Work request ▸ Reproduce the data in full, exactly as given, leaving images out.
[Data provided Boundary: Start]
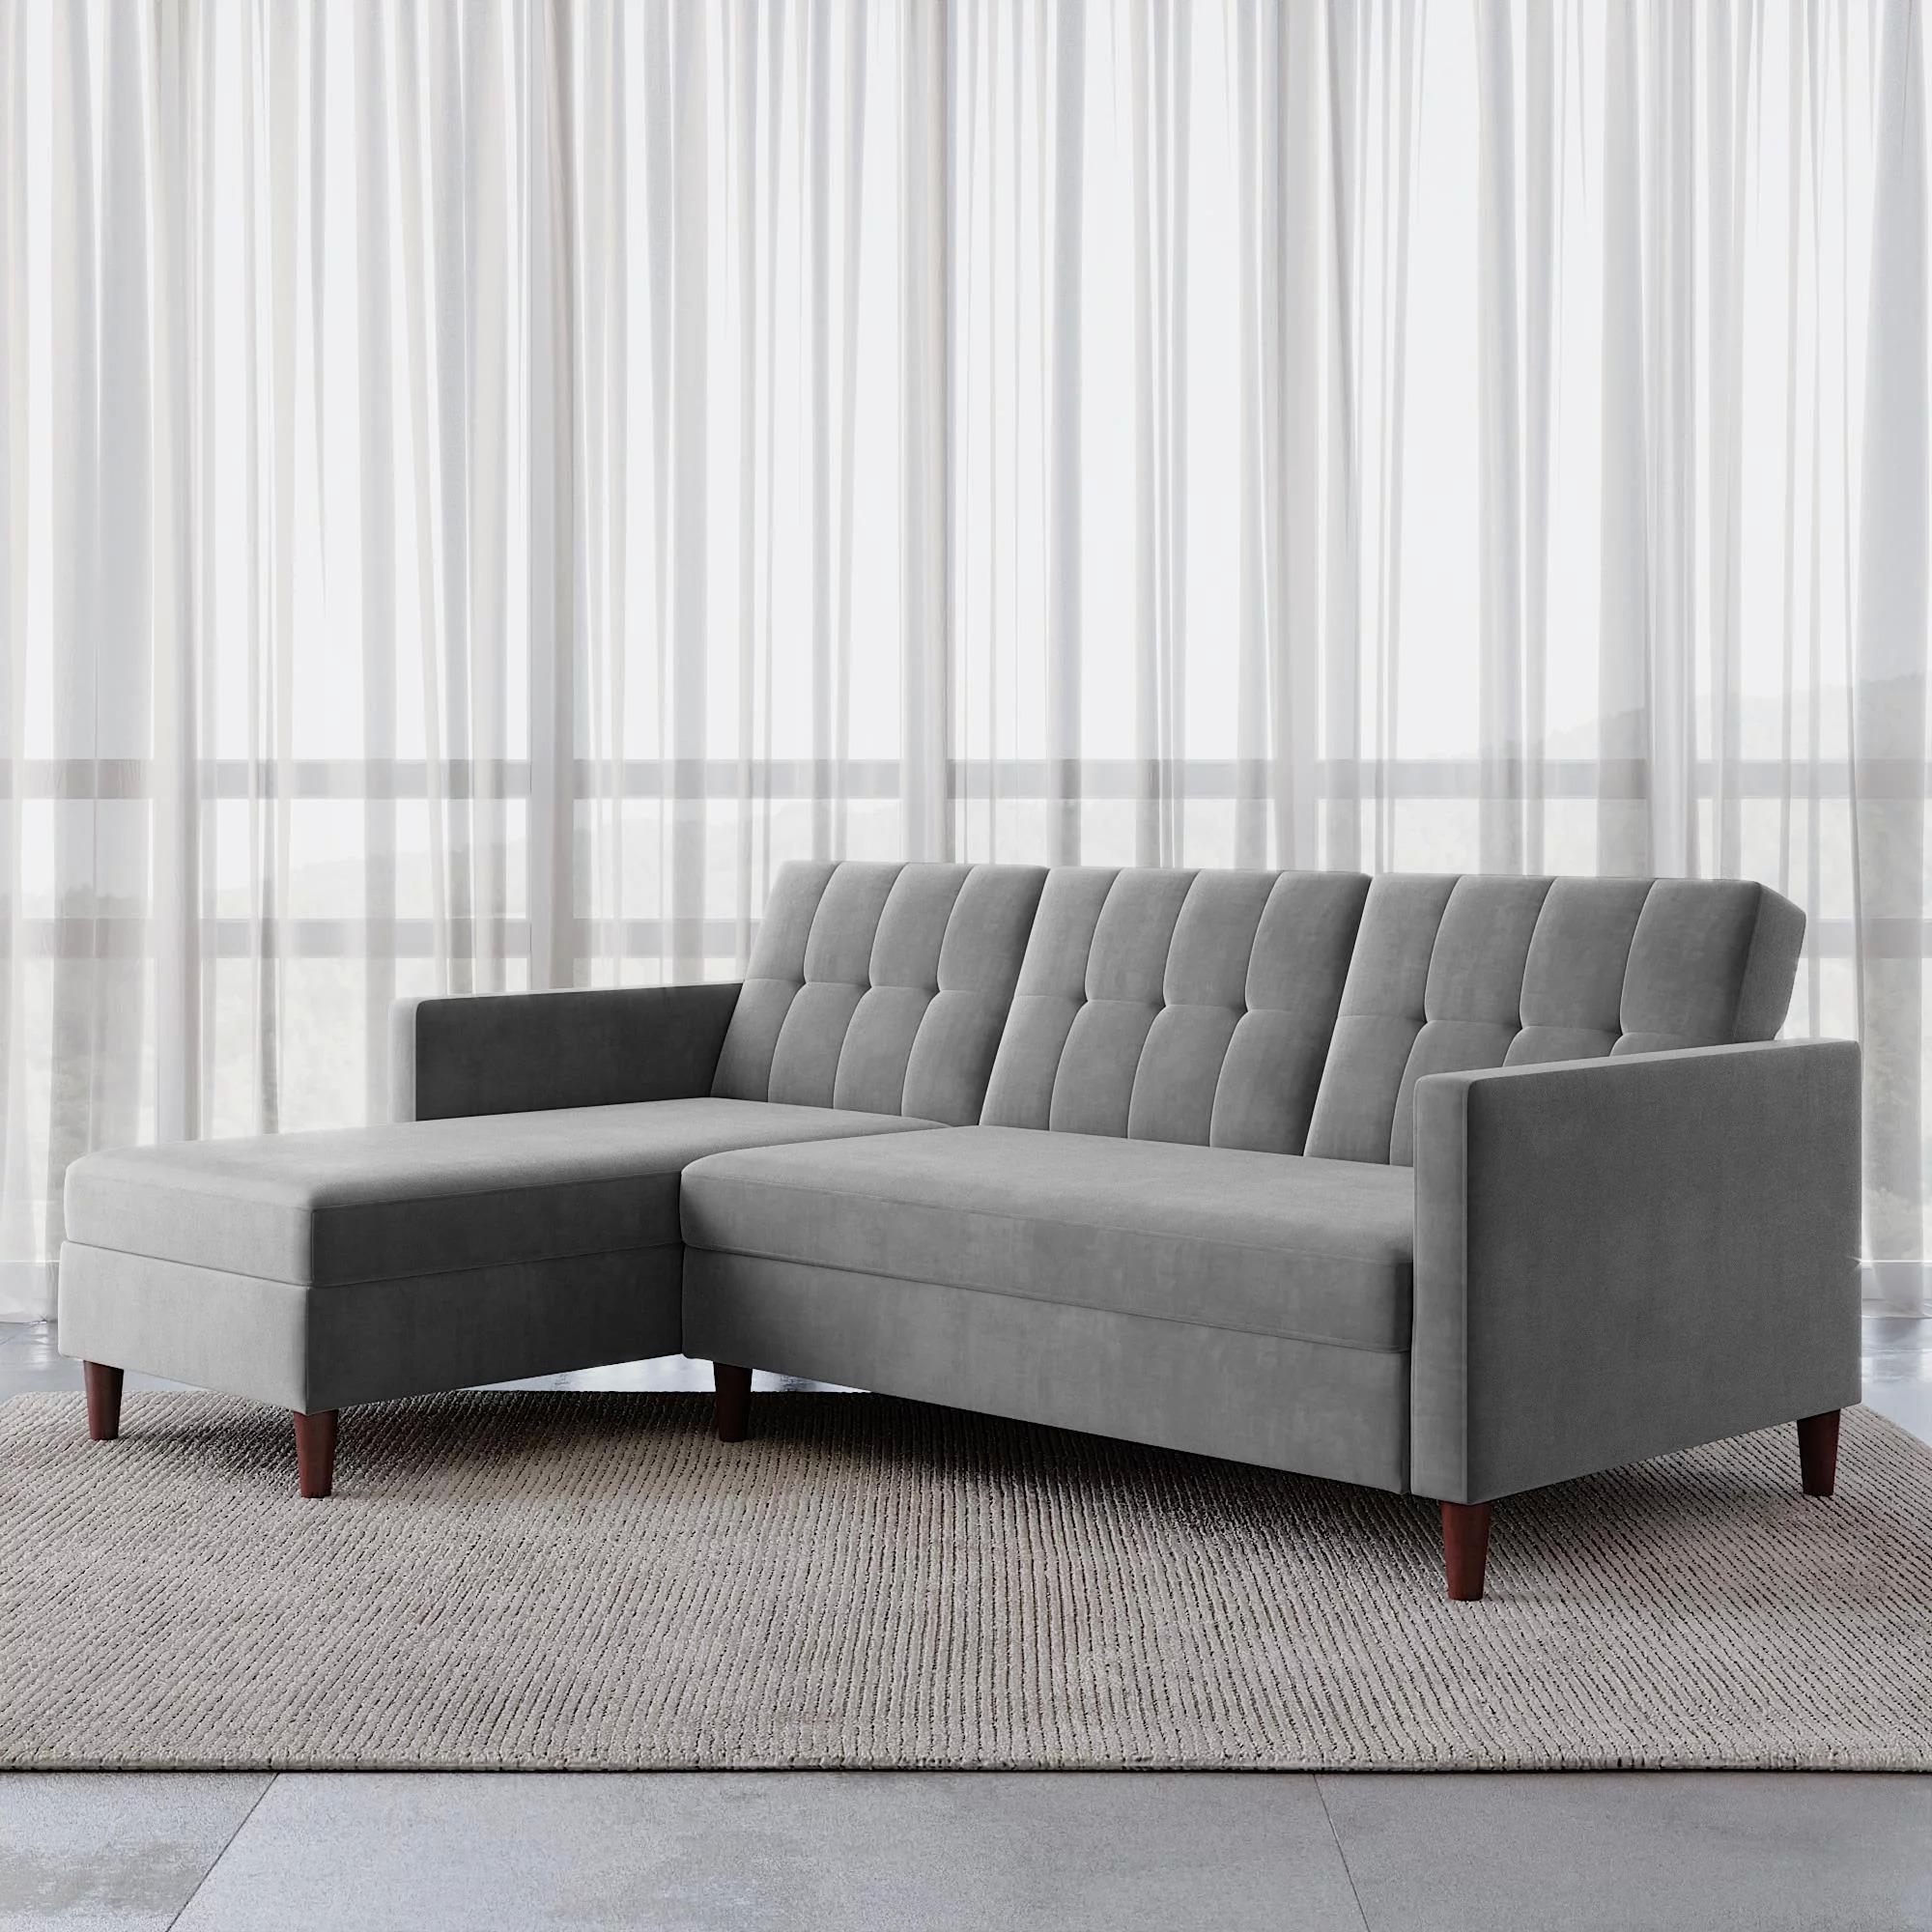 DHP Hartford Storage Reversible Sectional Futon with Chaise for $268 Shipped
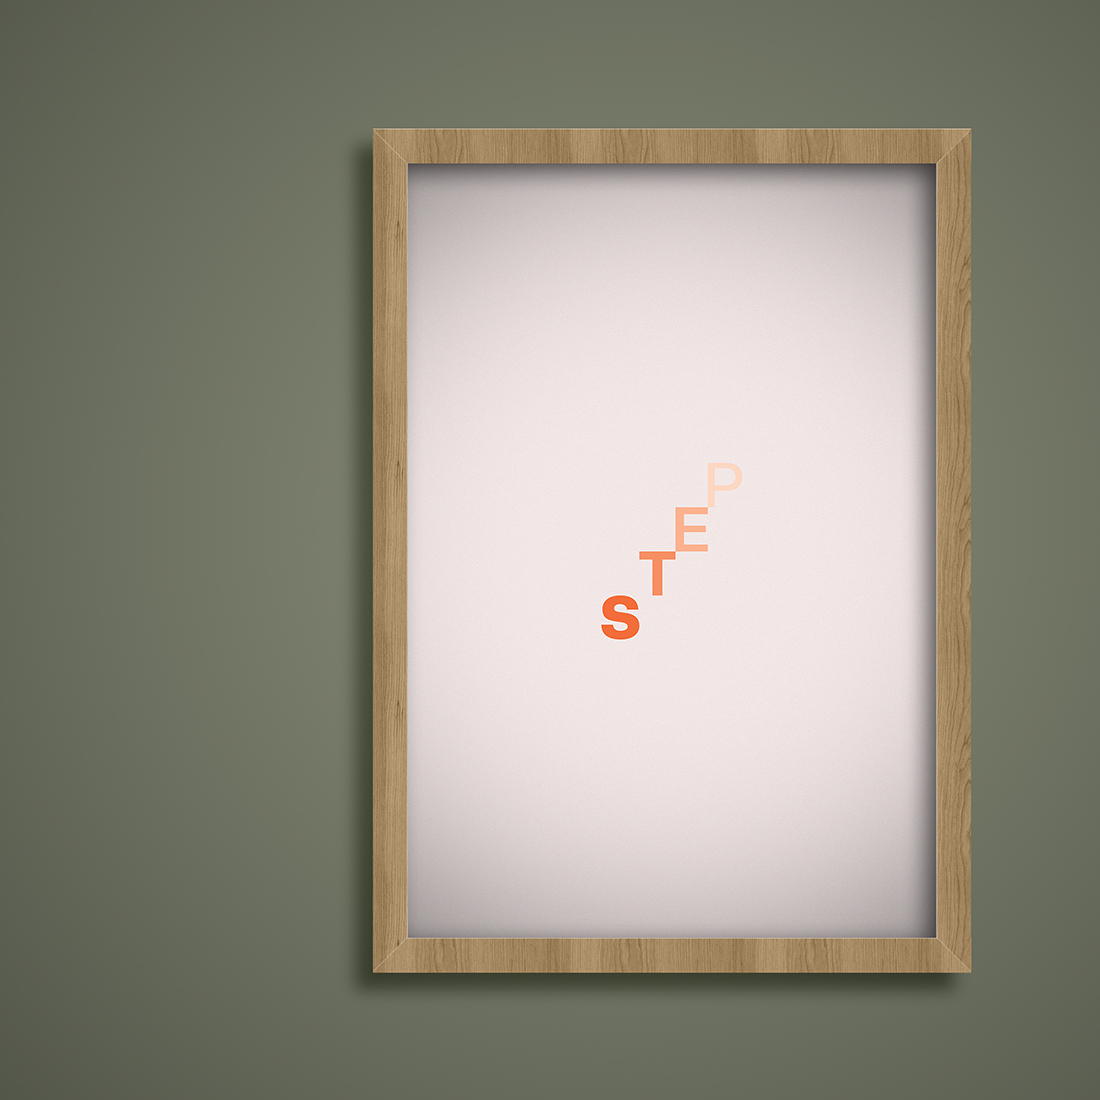 Minimalistic Positive Poster - photo frame preview.
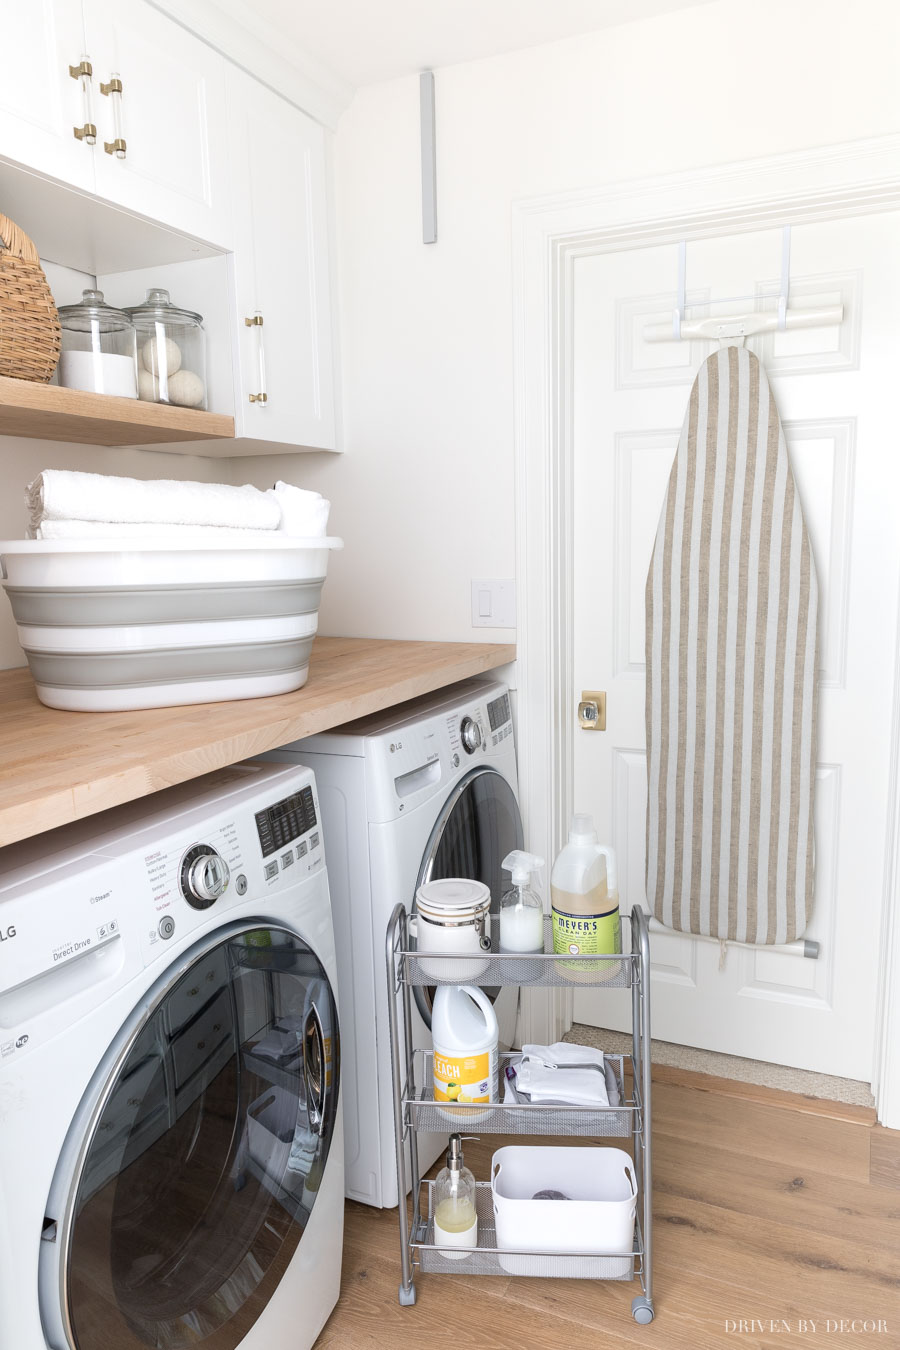 Laundry Room Storage Ideas To Make the Most of Your Space! - Driven by Decor
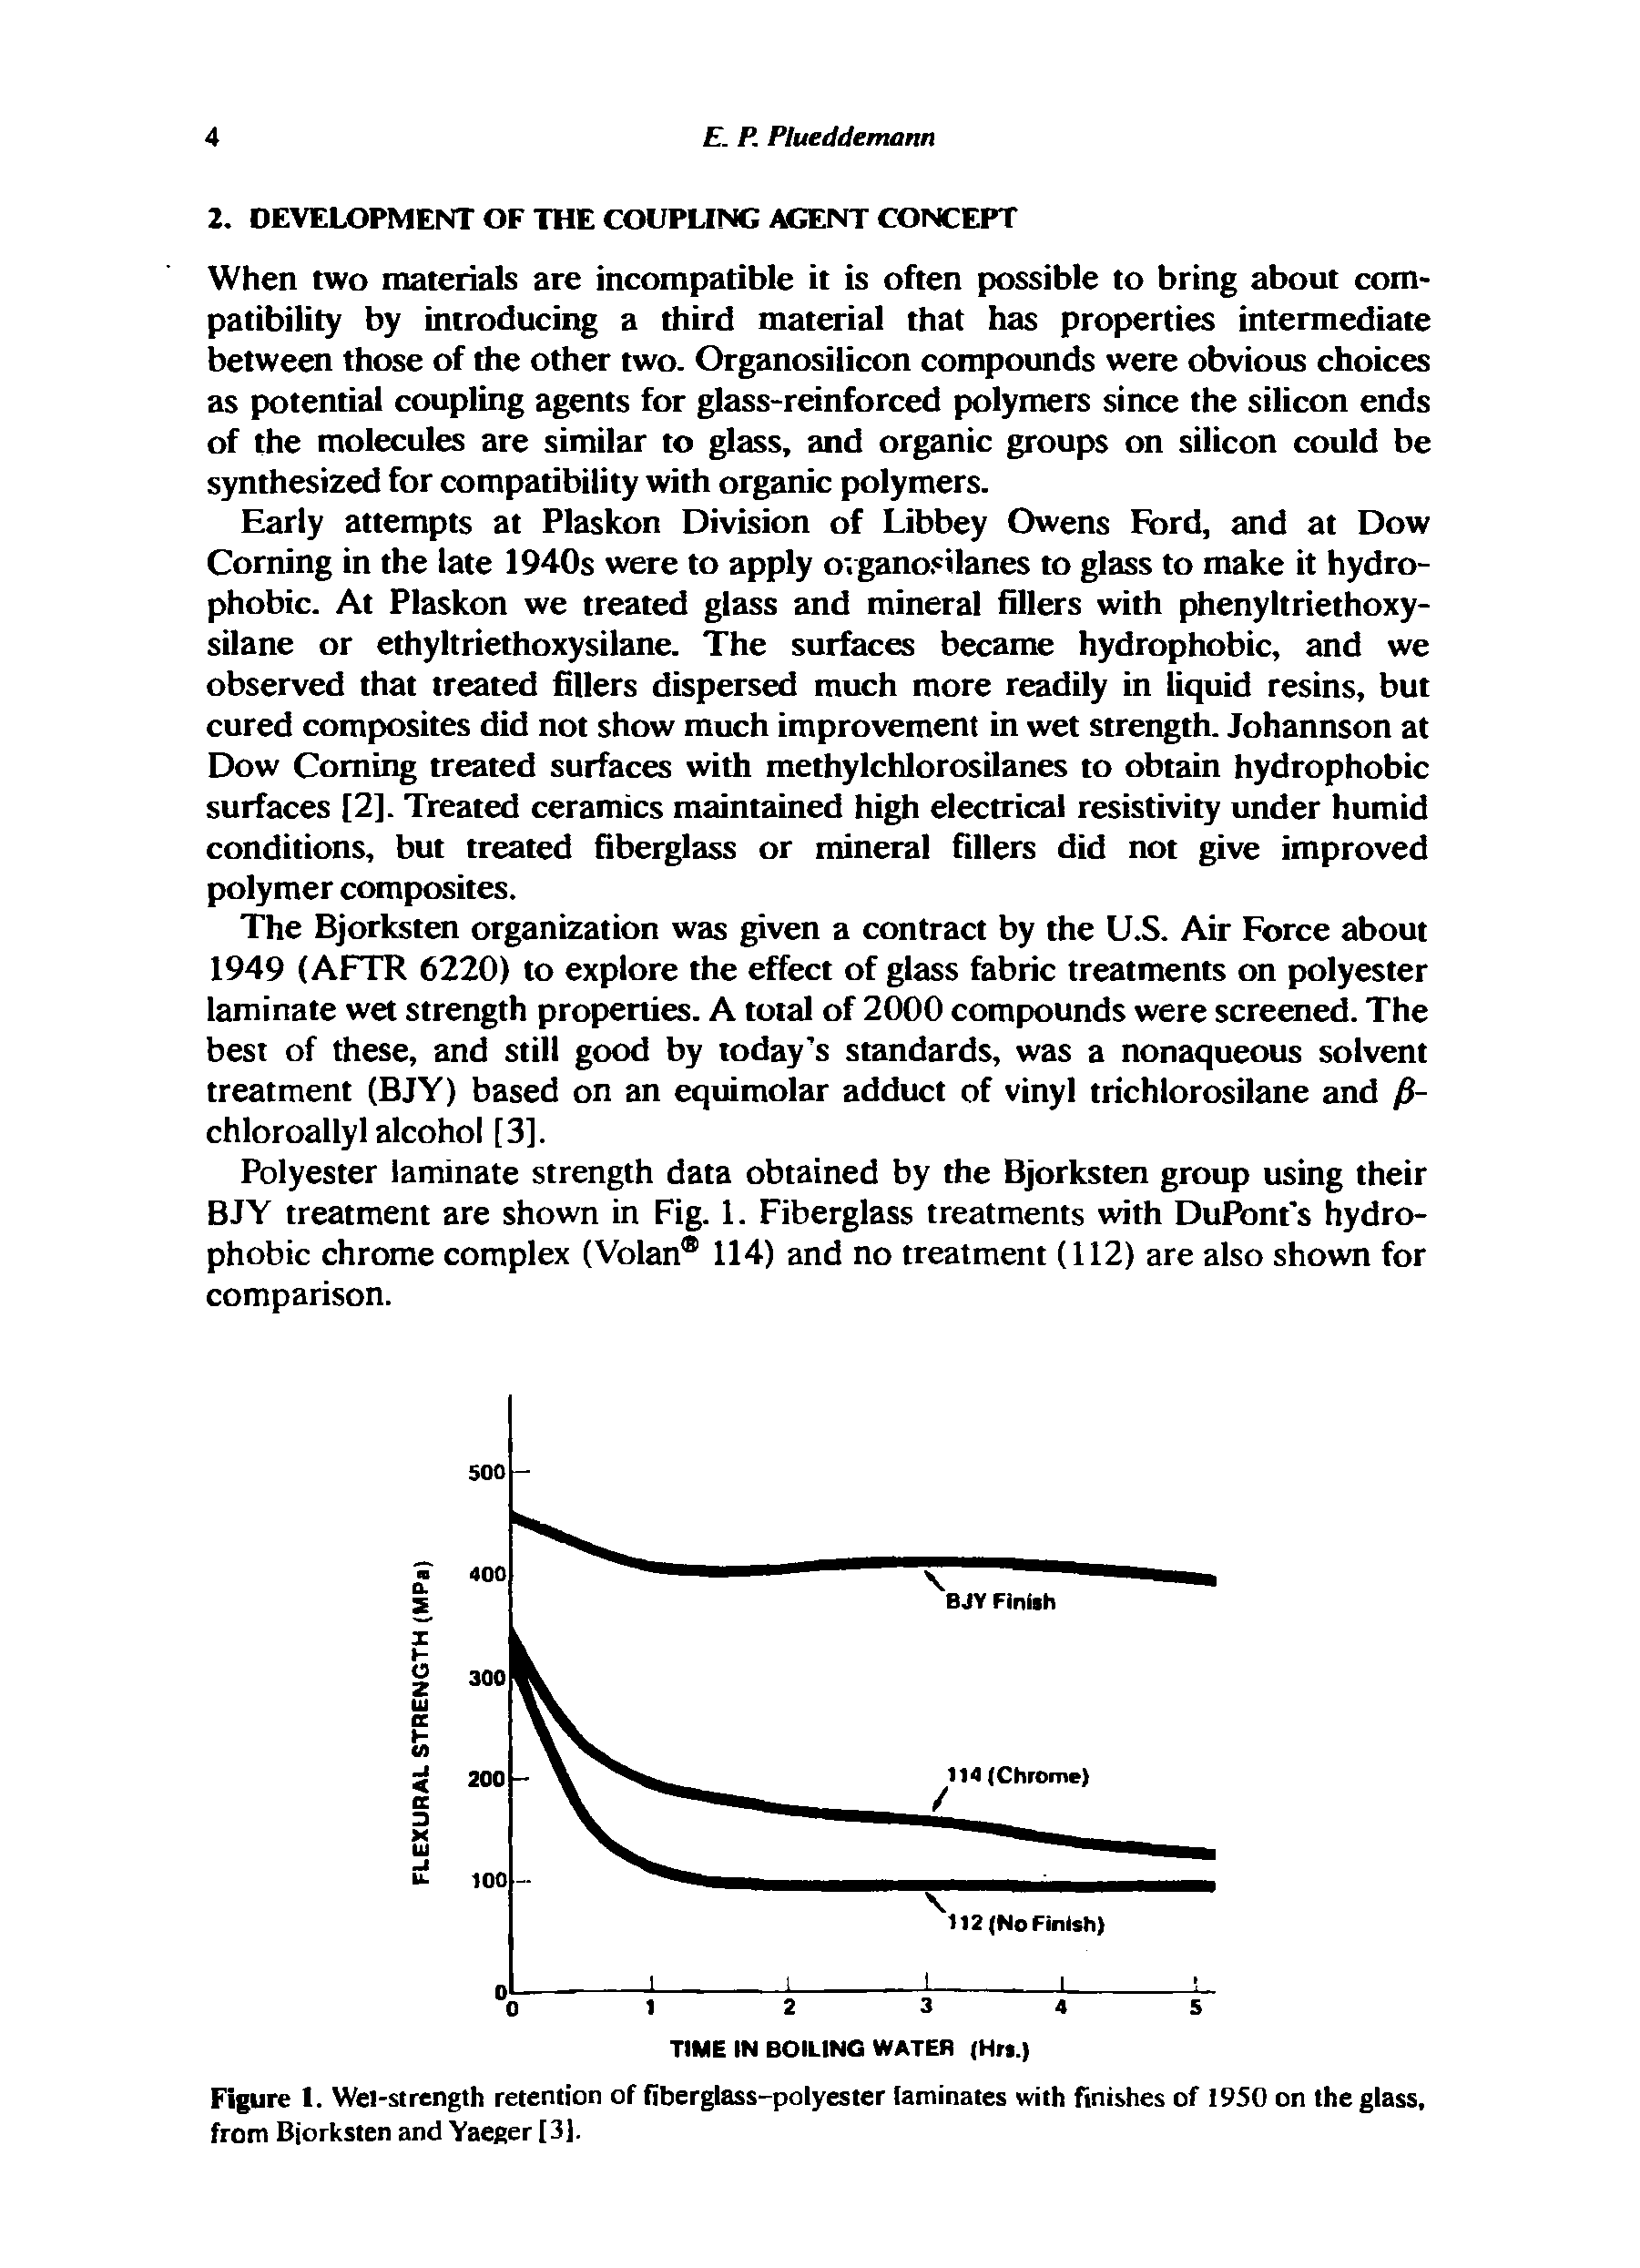 Figure 1. Wel-strength retention of fiberglass-polyester laminates with finishes of 1950 on the glass, from Bjorksten and Yaeger [3].
[Data provided Boundary: End]
Solution to the exercise ▸
 DHP Hartford Storage Reversible Sectional Futon with Chaise for $268 Shipped
 Minimalistic Positive Poster - photo frame preview.
 Laundry Room Storage Ideas To Make the Most of Your Space! - Driven by Decor
 Figure 1. Wel-strength retention of fiberglass-polyester laminates with finishes of 1950 on the glass, from Bjorksten and Yaeger [3].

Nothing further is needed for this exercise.